Corporate Bankruptcy Prediction with Domain-Adapted BERT

Alex Kim,Sangwon Yoon
DOI: https://doi.org/10.18653/v1/2021.econlp-1.4
2023-12-06
Abstract:This study performs BERT-based analysis, which is a representative contextualized language model, on corporate disclosure data to predict impending bankruptcies. Prior literature on bankruptcy prediction mainly focuses on developing more sophisticated prediction methodologies with financial variables. However, in our study, we focus on improving the quality of input dataset. Specifically, we employ BERT model to perform sentiment analysis on MD&A disclosures. We show that BERT outperforms dictionary-based predictions and Word2Vec-based predictions in terms of adjusted R-square in logistic regression, k-nearest neighbor (kNN-5), and linear kernel support vector machine (SVM). Further, instead of pre-training the BERT model from scratch, we apply self-learning with confidence-based filtering to corporate disclosure data (10-K). We achieve the accuracy rate of 91.56% and demonstrate that the domain adaptation procedure brings a significant improvement in prediction accuracy.
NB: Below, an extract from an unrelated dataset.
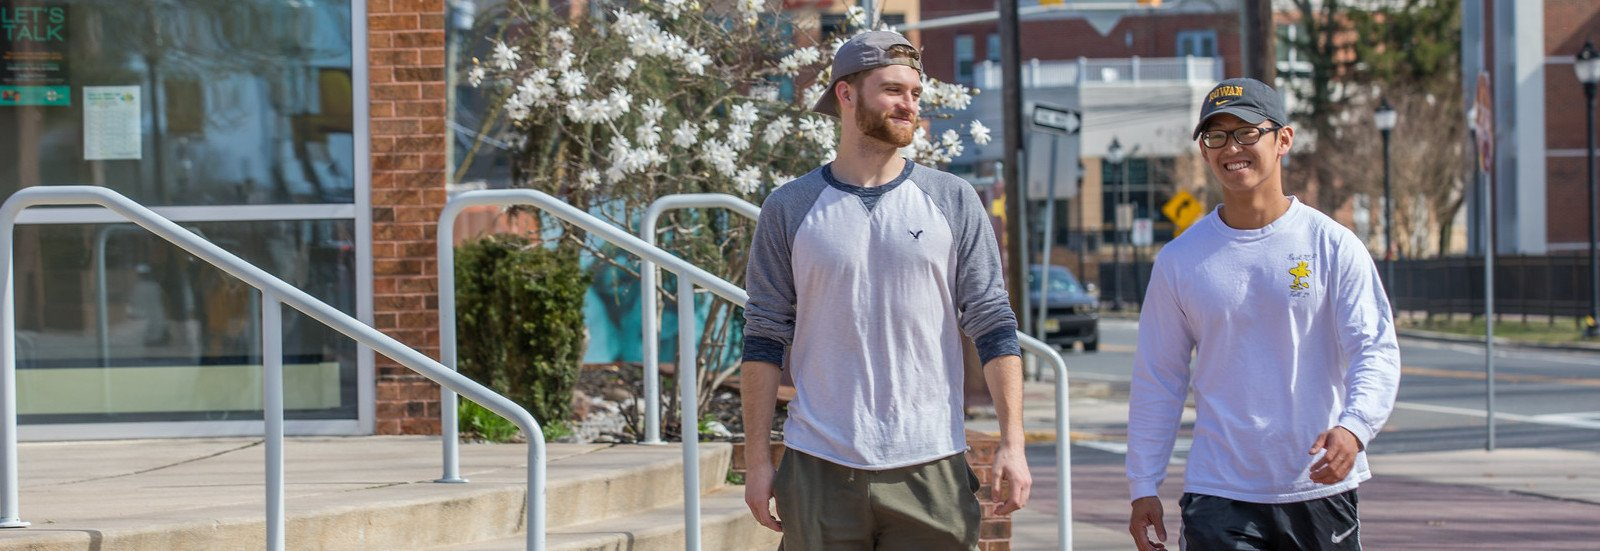 Chris Finnegan and friend walk down campus

Computation and Language,Machine Learning,General Economics
What problem does this paper attempt to address?
This paper attempts to address the issue of improving the quality of input data in corporate bankruptcy prediction, particularly in the use of non-financial information. Specifically: 1. **Improving Text Analysis Methods**: The paper enhances prediction accuracy by using the BERT model to perform sentiment analysis on the Management Discussion and Analysis (MD&A) section disclosed by companies. Traditional dictionary methods have limitations when dealing with complex texts, whereas context-based sentiment analysis can more accurately capture the emotional information in the text. 2. **Domain Adaptation**: Since publicly available pre-trained models (such as Fin-BERT) are trained on financial news data and are not entirely suitable for interpreting company disclosure documents, the authors applied a self-learning approach to adjust the model, making it better adapted to the target domain (i.e., company disclosure texts), thereby improving model performance. In summary, this paper aims to demonstrate that using context-aware language models (such as BERT) and domain adaptation techniques can significantly enhance the effectiveness of corporate bankruptcy prediction based on textual data.